Ce que vous écrivez de « la formation de blocs avec des organisations de jeunesse » m'apparaît - je dois le dire - peu convaincant. De grandes organisations ne font que rarement des blocs avec de petits groupes, et à juste titre. Par ailleurs, il ne sert à rien à de petits groupes, du point de vue pratique, de jouer aux blocs, comme l'a très bien démontré l'expérience belge [9]. Si les dirigeants d'une organisation de quelques centaines de membres se réunissent deux ou trois fois par mois avec les dirigeants d'organisations de masse, cela peut flatter peut-être leur vanité, mais ne leur ouvre aucune possibilité pratique. Il faut gagner la base au détriment des chefs, pas s'engager dans un jeu diplomatique avec les chefs.

P.-S. Vous avez interprété la lettre du camarade Braun [10] comme si elle signifiait qu'il faut coûte que coûte construire en Belgique un parti indépendant. Mais ce n'est pas cela du tout. Nos camarades de Charleroi [11] ont abandonné pour un temps leur indépendance formelle afin d'élargir le champ de leur activité. Ils ont remporté d'incontestables succès. Mais, comme ils agissaient en révolutionnaires et pas comme des opportunistes, un conflit politique majeur a éclaté. Il faut maintenant aller jusqu'au bout. Car, bien que nous ne soyons pas des sectaires qui ne veulent en aucun cas - jamais et nulle part - entrer dans des organisations réformistes, nous ne sommes pas non plus des sapistes, qui, aussitôt qu'ils sont dans les organisations de masse refusent à tout prix de les quitter, c'est-à-dire sont prêts à sacrifier ce qui leur reste de leurs principes politiques.
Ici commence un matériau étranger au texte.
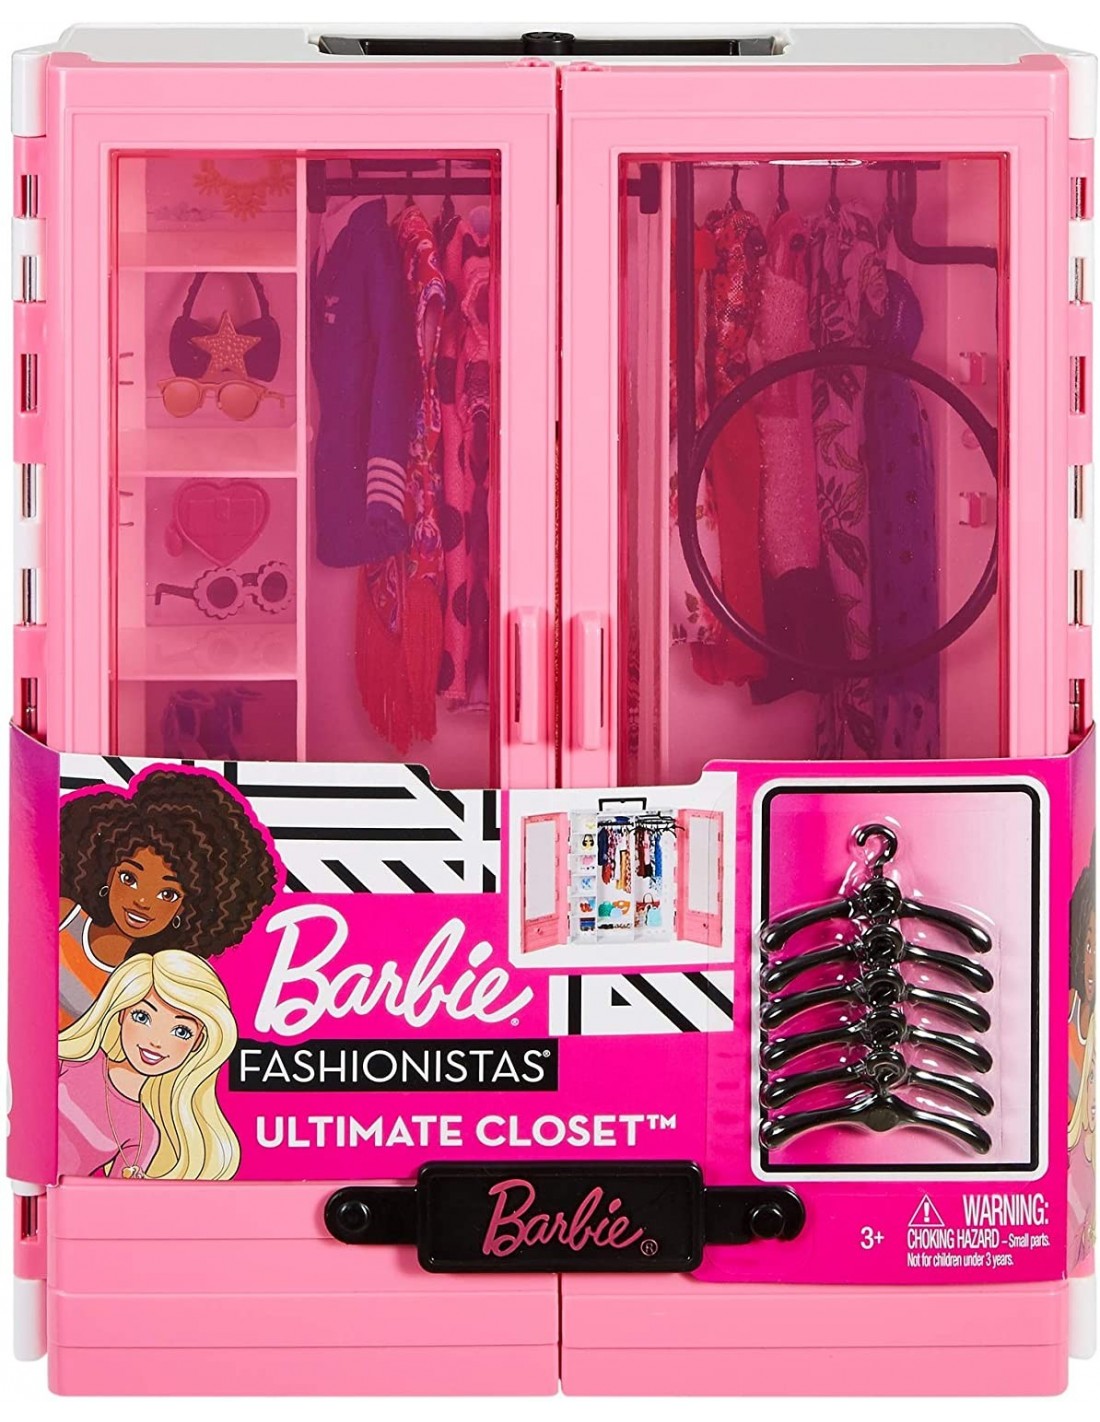 Barbie fashionistas ultimate closet ντουλάπα gbk11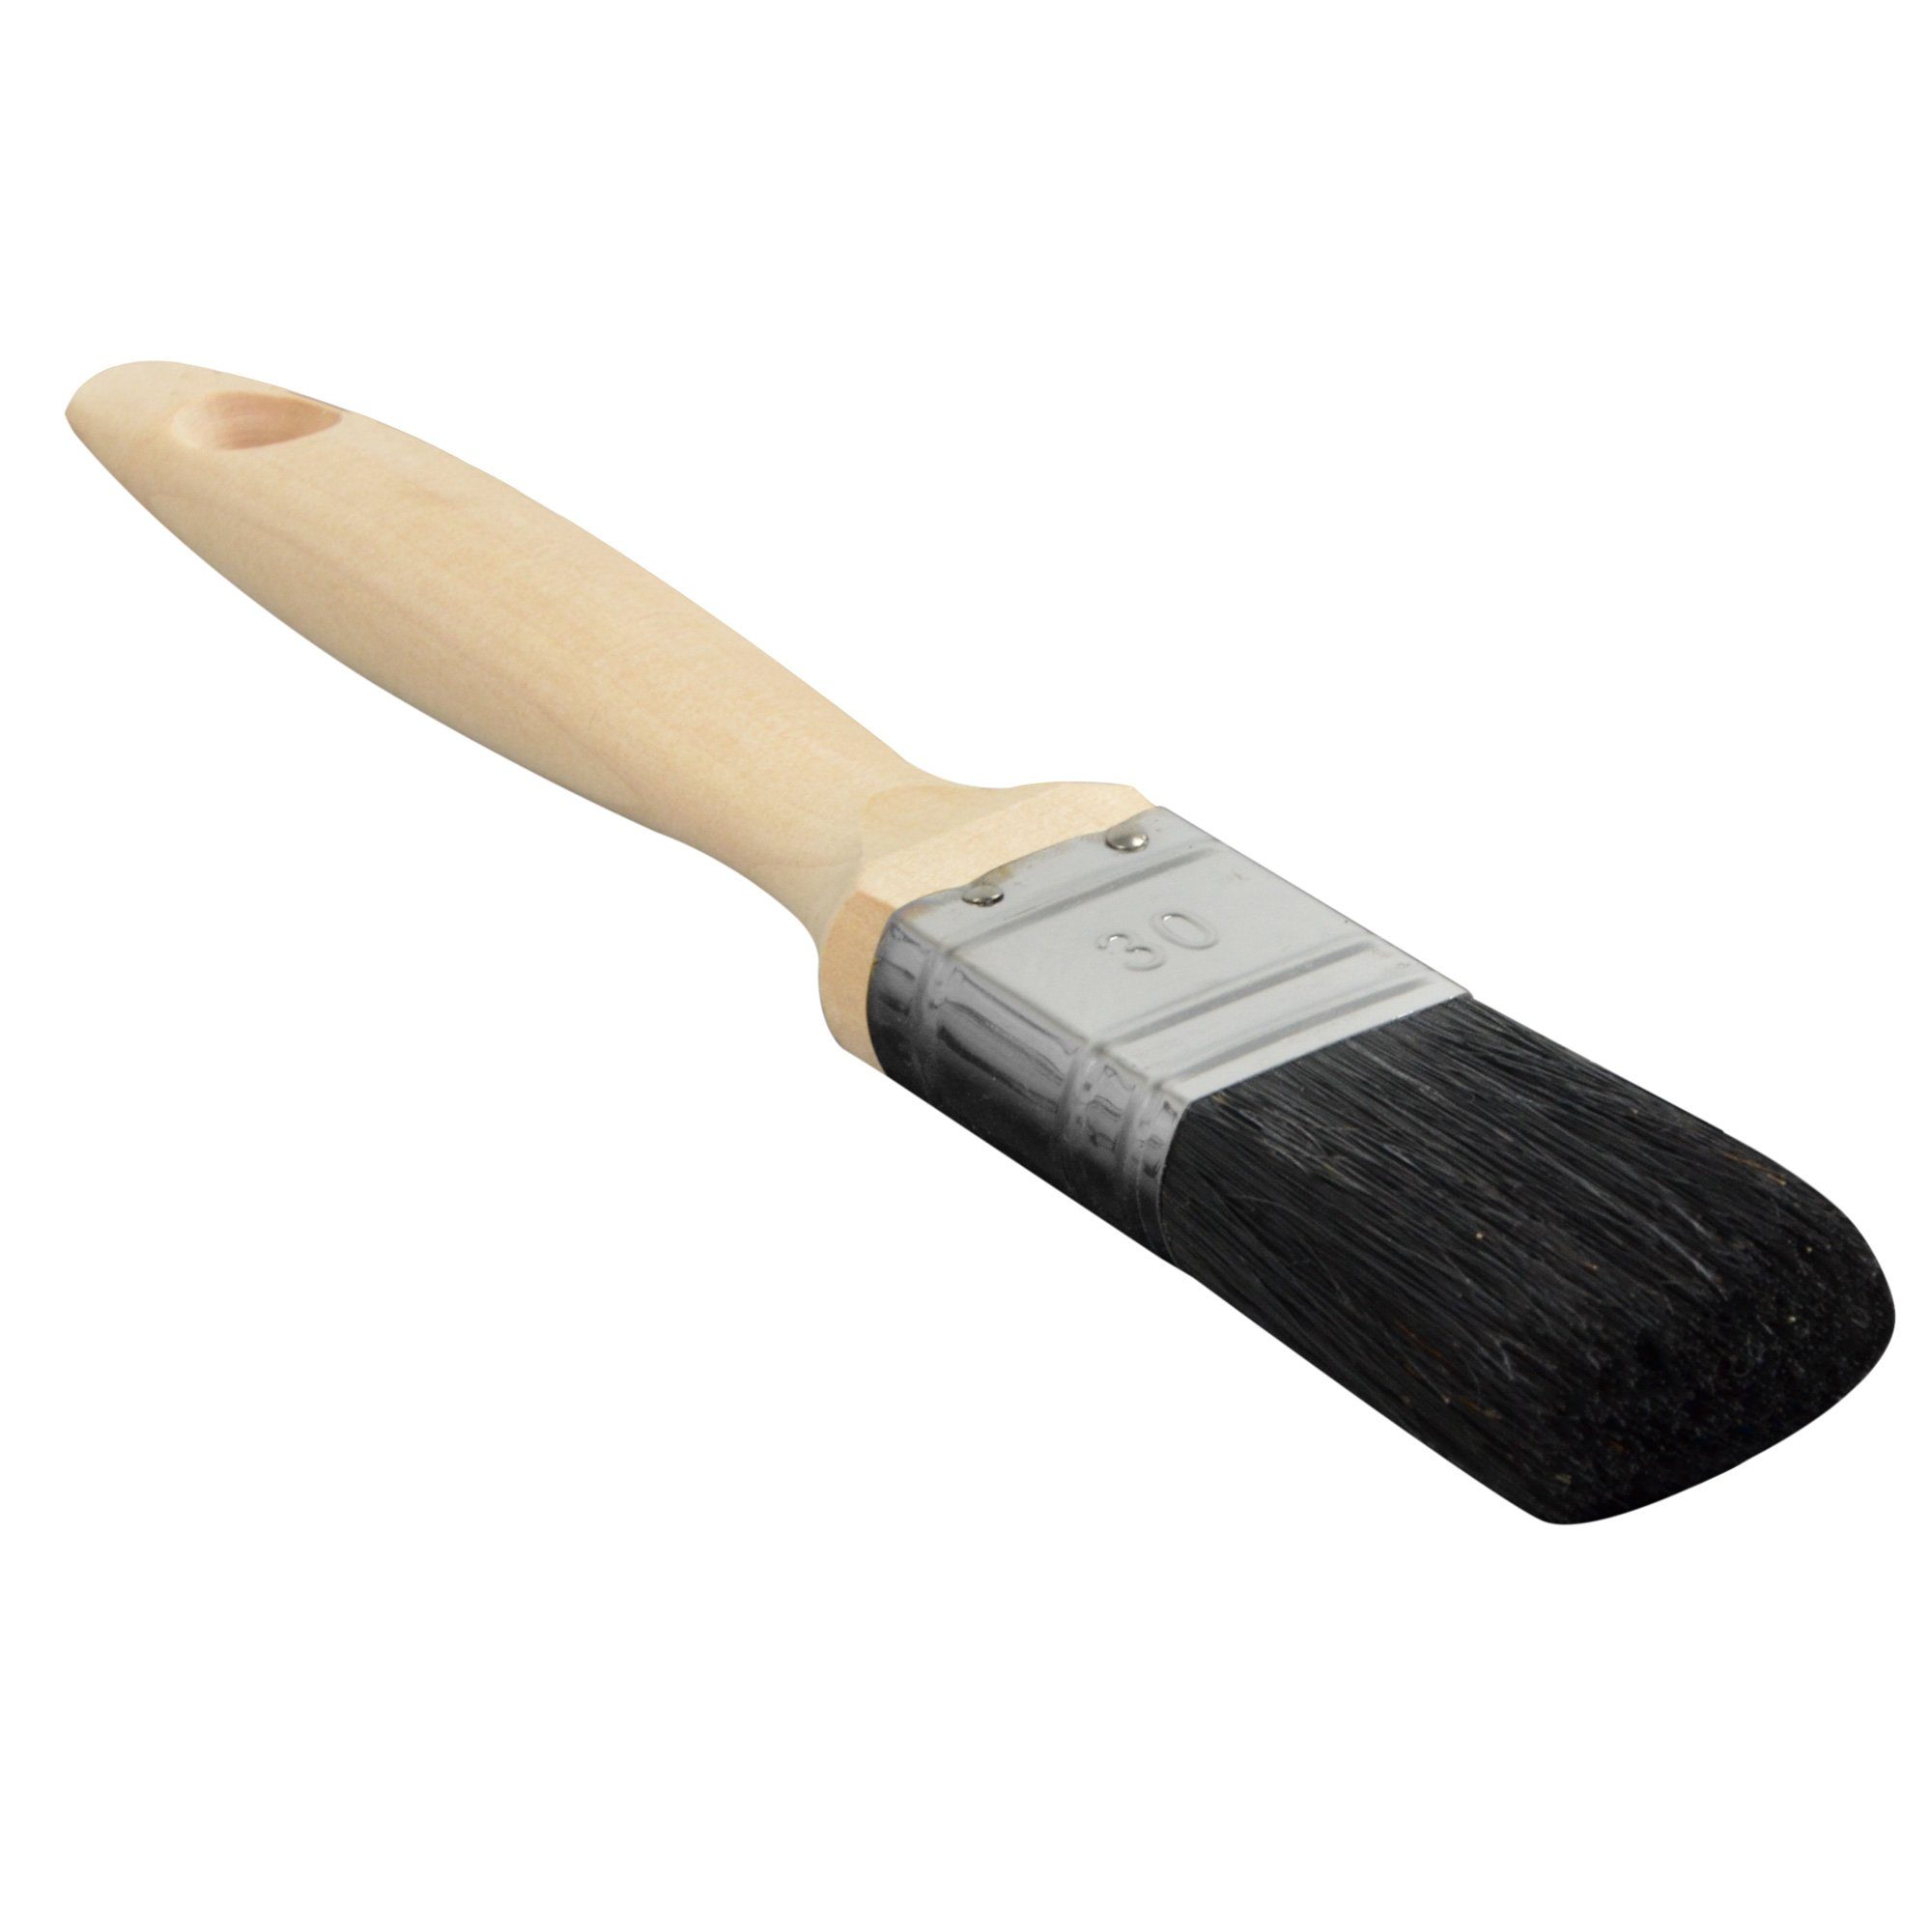 9. Naturborste Flachpinsel Malerpinsel 80% BLACKLINE 30 Tops Scorprotect® mm Flachpinsel Stärke

On doit apprécier la signification profonde du terme « manœuvrer », car le mouvement révolutionnaire est réellement un mouvement, quand il n'est pas au point mort !


Notes

[1] Bep Spanjer (née en 1910) était la belle‑fille de Sneevliet, principal dirigeant du R.S.A.P. hollandais. Depuis octobre 1935, elle dirigeait l'organisation de jeunesse de ce parti, la Leninistische Jeugdgarde (L.J.G.), constituée après la scission de la R.S.J.V. restée aux mains d'adversaires de la « Lettre ouverte pour la IV° Internationale ».

[2] La L.J.G. était sur la base politique du R.S.A.P., et, de plus, faible numériquement.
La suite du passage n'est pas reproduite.